-- What the task requires --
Return exactly the lines of the data below, from the one that contains "Küchenbuffet 50er Jahre" through the final line, and leave out every picture.

-- Source data --
>>>>

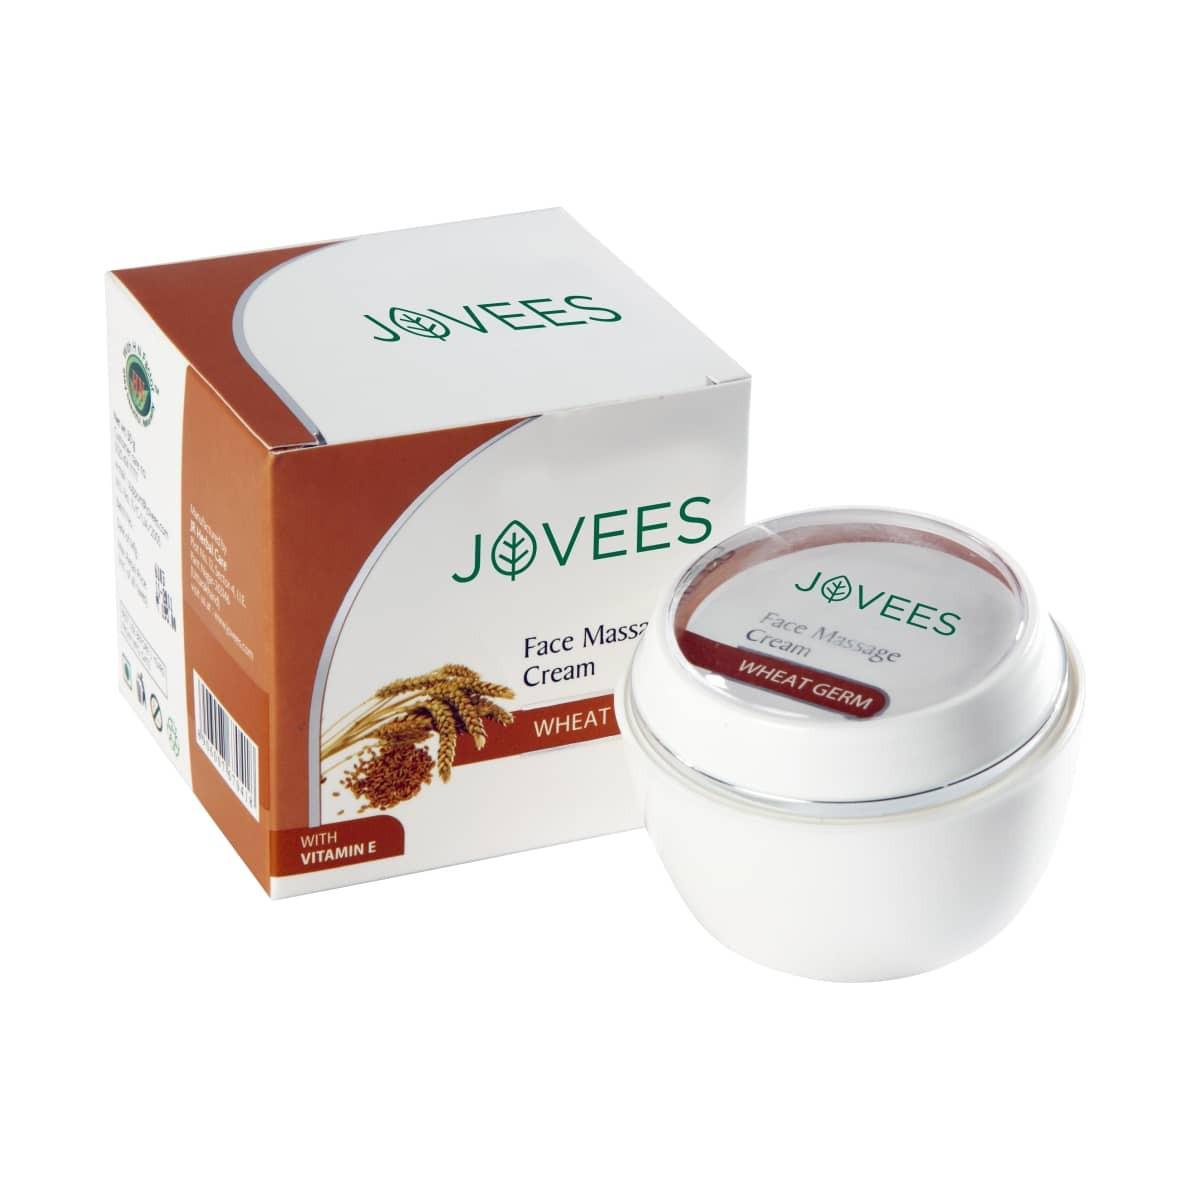 Jovees Wheatgerm with Vitamin E Face Massage Cream
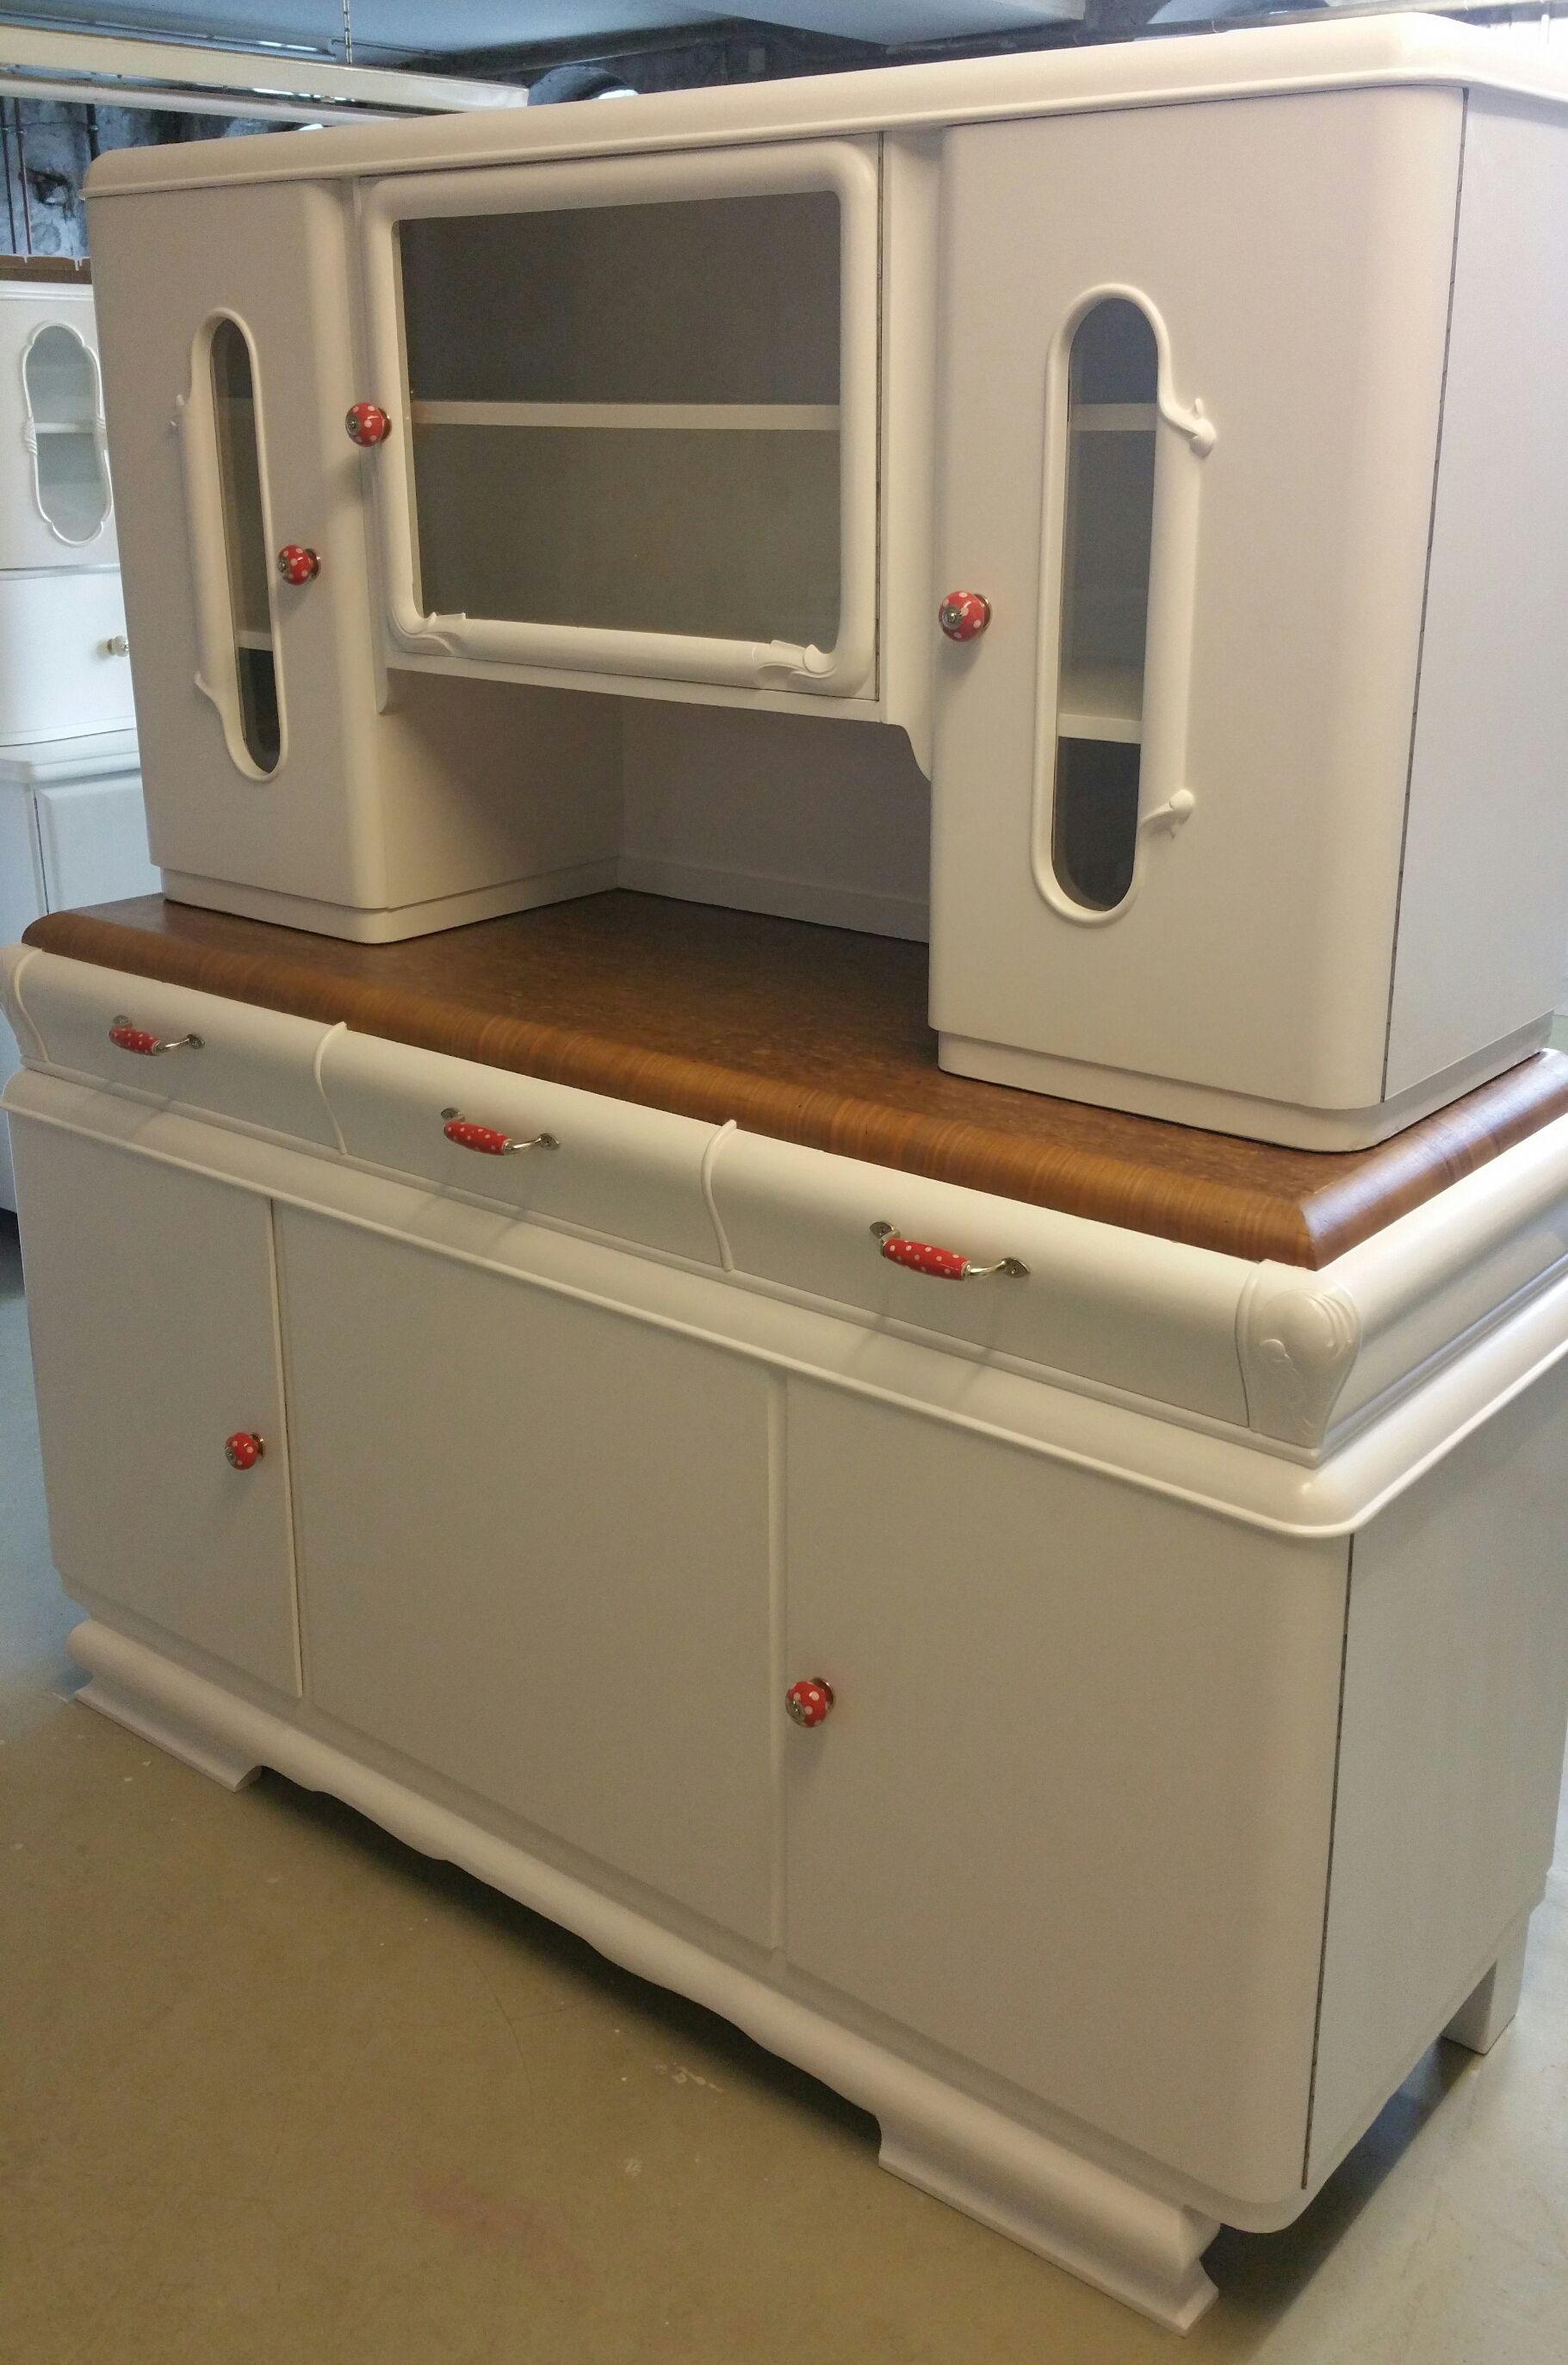 Küchenbuffet 50er Jahre - https://www.garagenmoebel.com/rohling/4675 ...
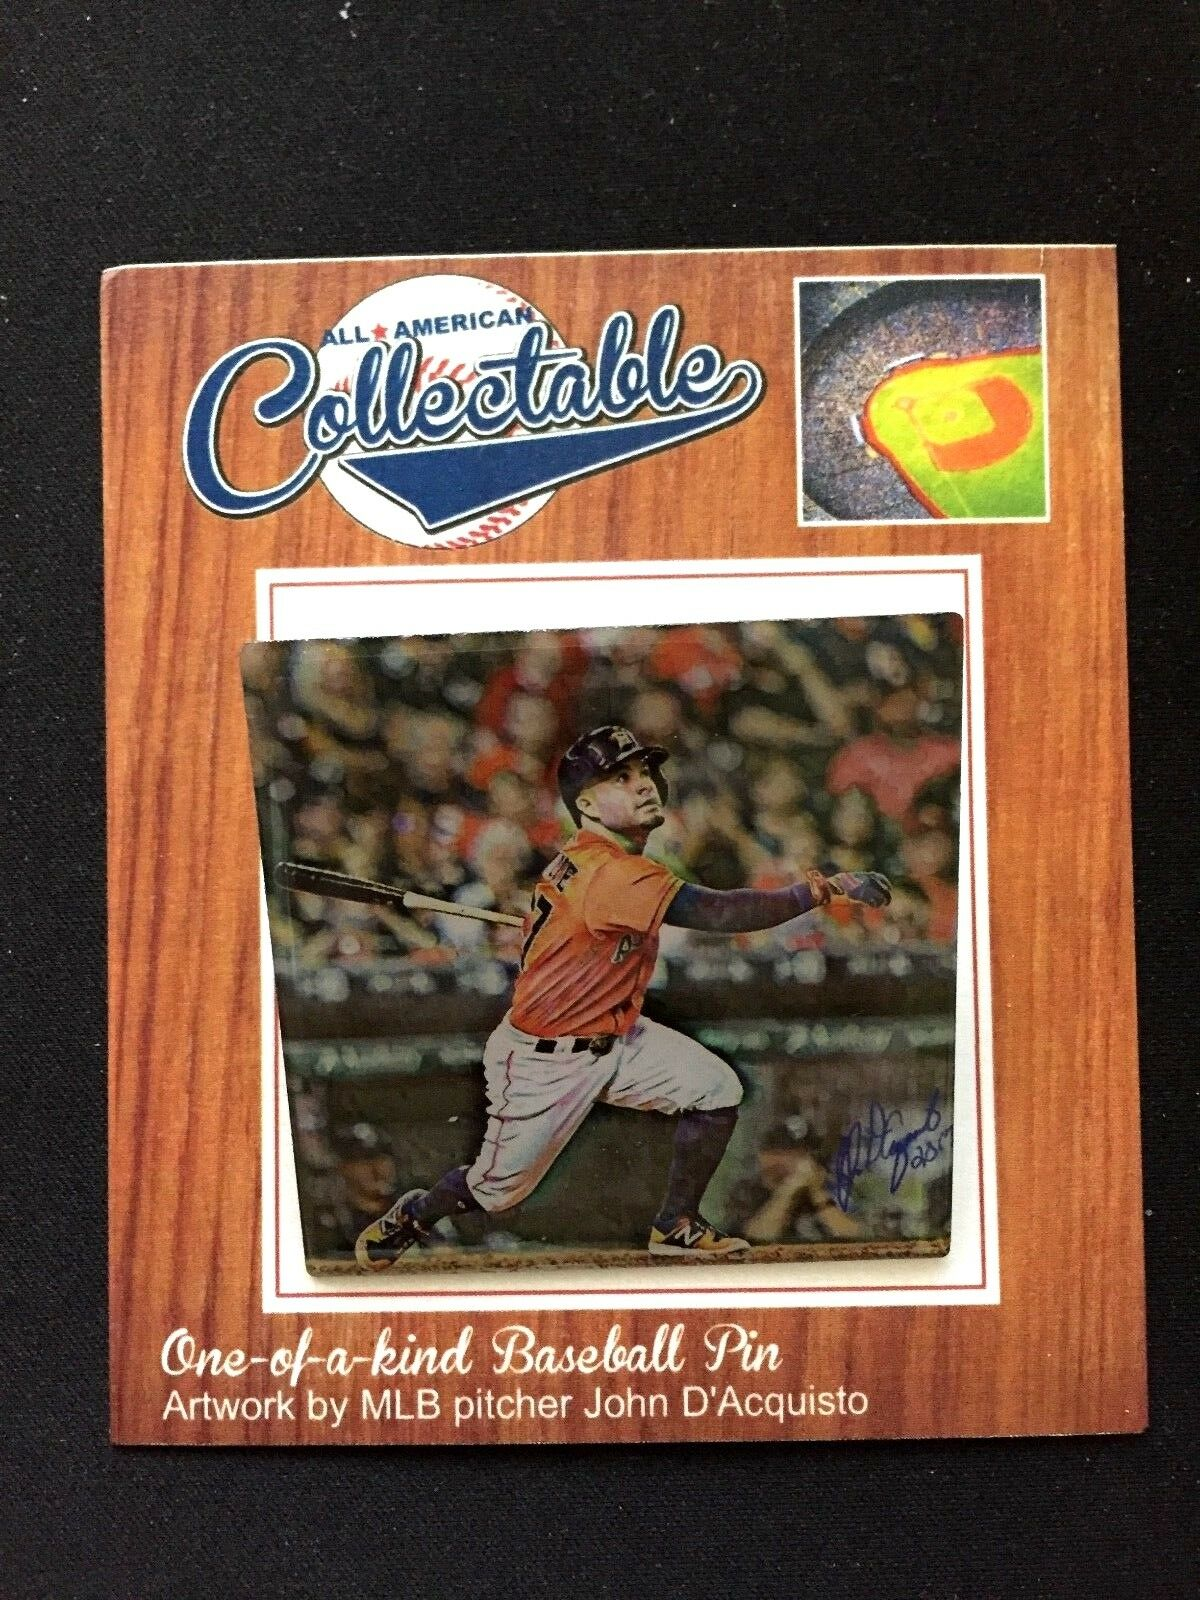 Houston Astros Jose Altuve Revers Pin-Retro Pin-Retro Pin-Retro Sammelobjekt Memories-Mvp   Ws 10faf0

<<<<

-- Answer section --
 Küchenbuffet 50er Jahre - https://www.garagenmoebel.com/rohling/4675 ...
 Houston Astros Jose Altuve Revers Pin-Retro Pin-Retro Pin-Retro Sammelobjekt Memories-Mvp   Ws 10faf0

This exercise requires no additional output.